天空到地面都是温柔的灰色,像儿时雨前的黄昏,我看见宣桦正站在鸽子中间,微笑着看着我,摆出一个“哥哥抱抱”的姿势,眼波温柔熨帖一如从前。那一刻我悲喜交集,一把抓住他,泪如雨下。宣桦轻轻拍着我肩膀,“喔,乖。”

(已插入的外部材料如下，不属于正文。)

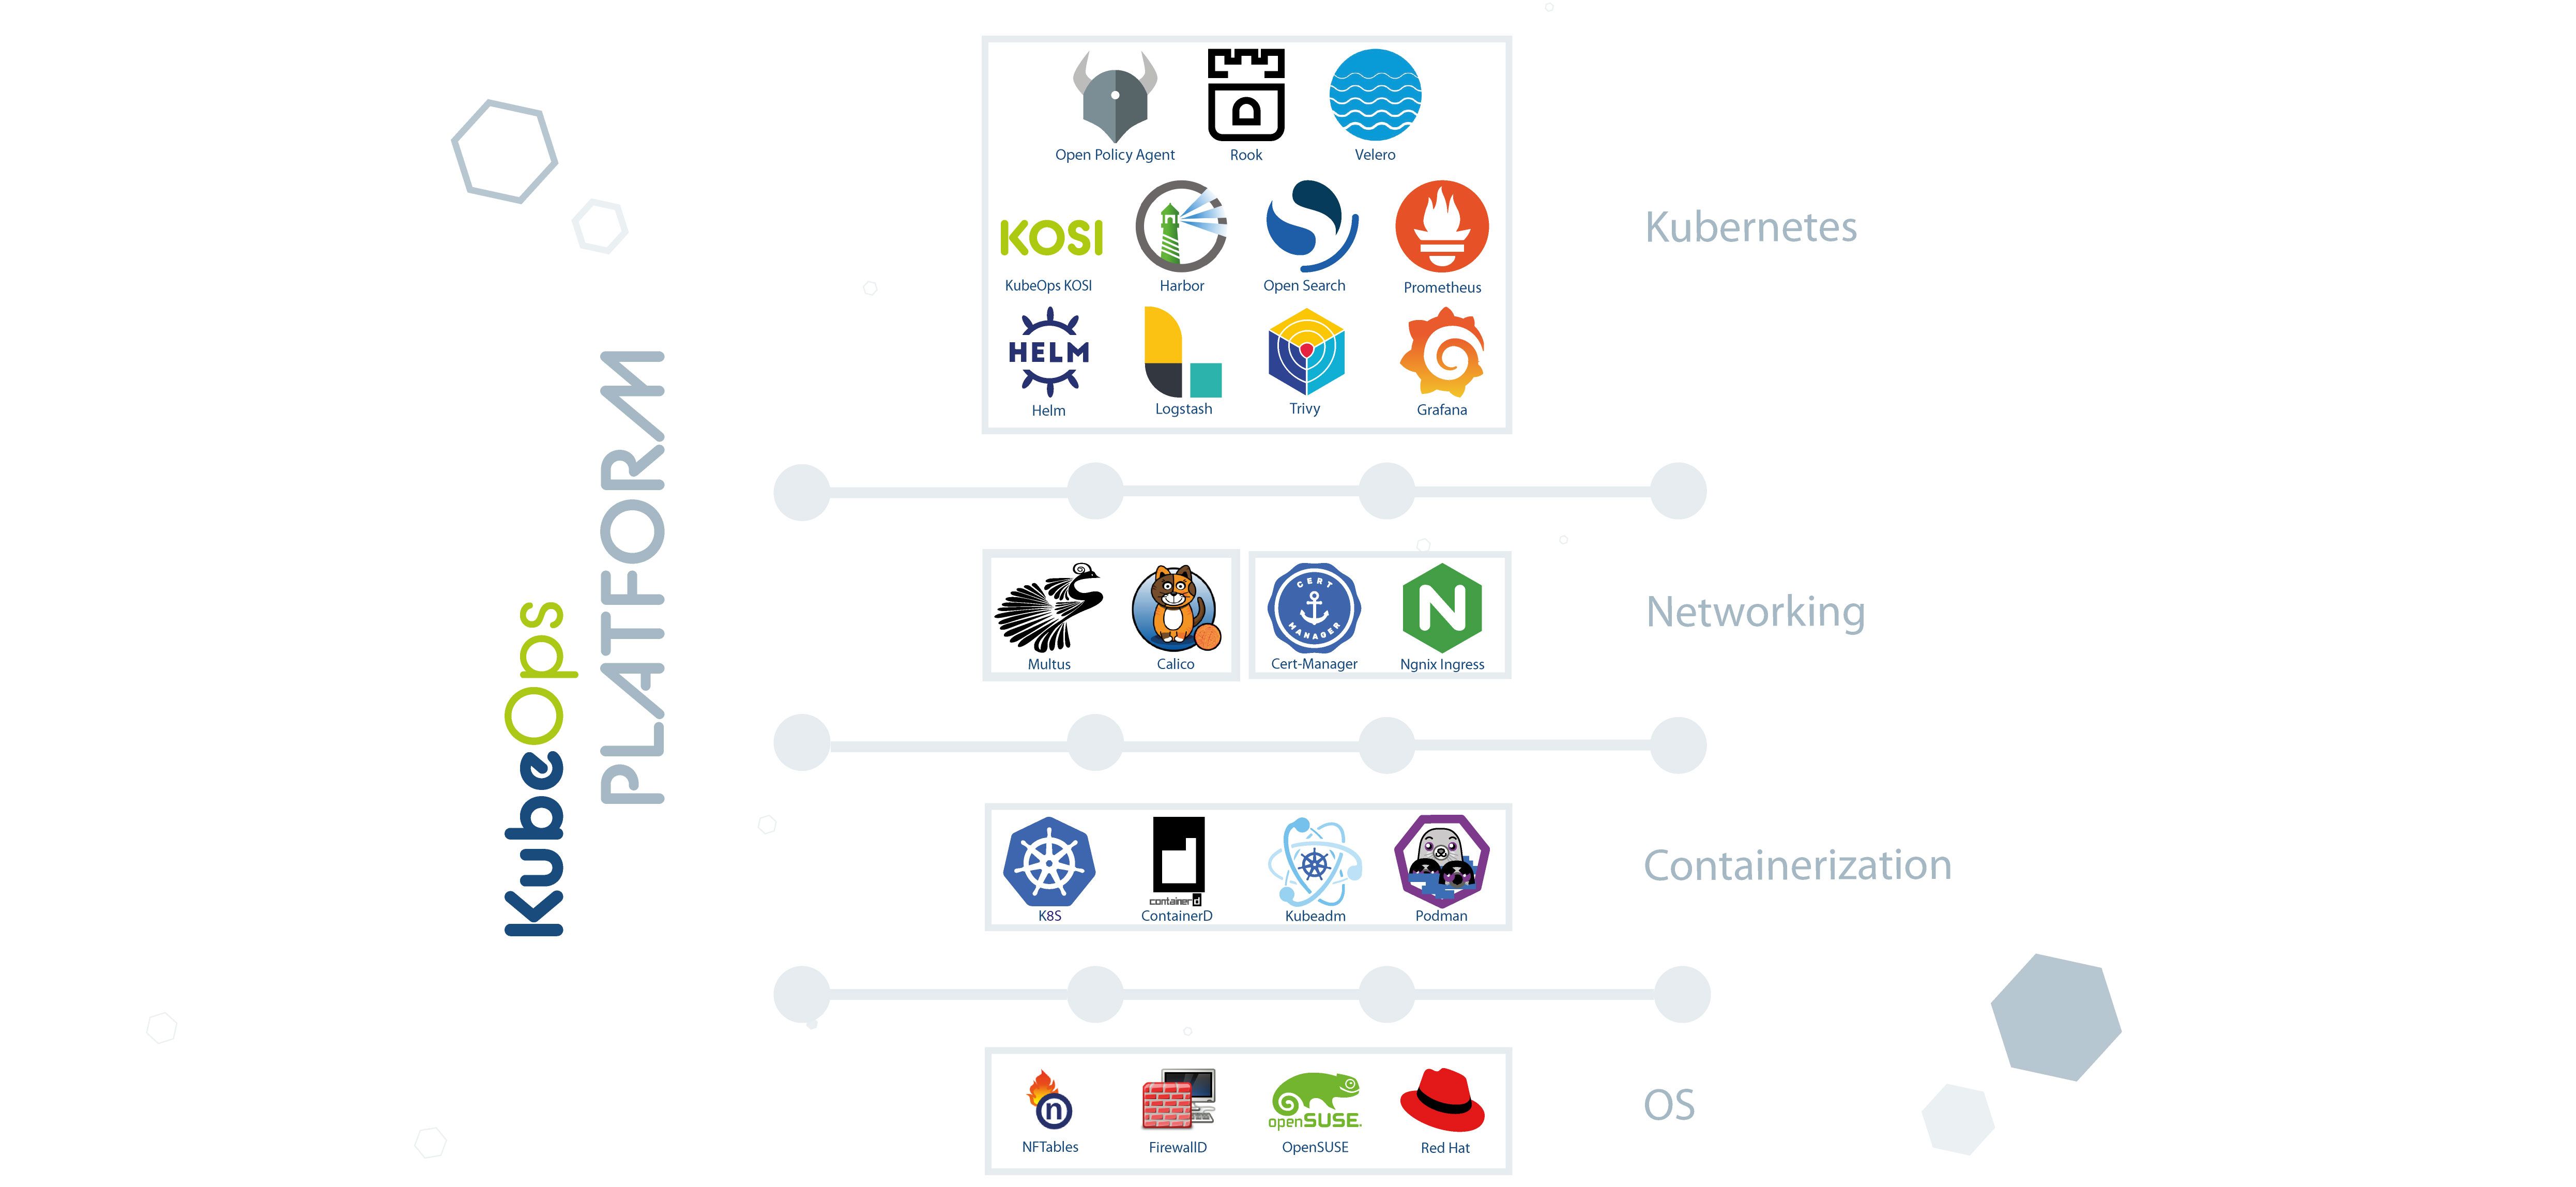 The image is a diagram of the "KubeOps Platform" featuring a collection of logos representing various technologies and tools categorized under "Kubernetes", "Networking", "Containerization", and "OS" (Operating System). Each category is delineated by its own row with a colored stripe background where the logos of corresponding tools are placed. The logos symbolize a range of open-source projects and products commonly used in Kubernetes ecosystems, such as Helm, Grafana, Calico, Containerd, and operating systems like openSUSE and Red Hat. The layout is clean, set against a dark blue background with subtle graphic elements that might suggest a digital network or data structure.

醒来以后我面红耳赤,发现周围仍是一片鬼哭狼嚎,自己正八爪鱼一样死死抱住老夏,老夏温柔地看着我,“你是我见过的第一个飞高了以后还会哭的人。”
我在极度疲倦中忘了问他什么叫“飞高了”。
老夏一路在我耳边吼“别睡了”,我勉力支撑着,把自己从出租车上歪七扭八地搬下来。老夏胳肢窝里夹着我上了楼,一开门,我径奔“天狼”,果不其然,对面的屋子一片光明,我所熟悉的铁架子床、电脑、书桌……连洗脸盆的位置都没变。他和平时一样,正专心地伏在桌子上画图。
我贪婪地看。
老夏好奇的凑过来问我,“什么啊?”
我恍惚地笑,“我不告诉你。”
第二天我醒来看到身边的老夏,一阵厌恶之感直袭胸口。三下五除二穿好衣服,我迅速趴在天狼旁边望,遗憾的是,一无所获。
窗帘还像几天前那样静静垂着,昨晚的景象宛若梦境。
老夏翻身,“干吗呢?大清早地瞎折腾。”
我嫌弃地看了看他,开门走了出去。我说不好自己的感受,但我迫不及待的想离他远一点。一看他就忍不住觉得有点恶心。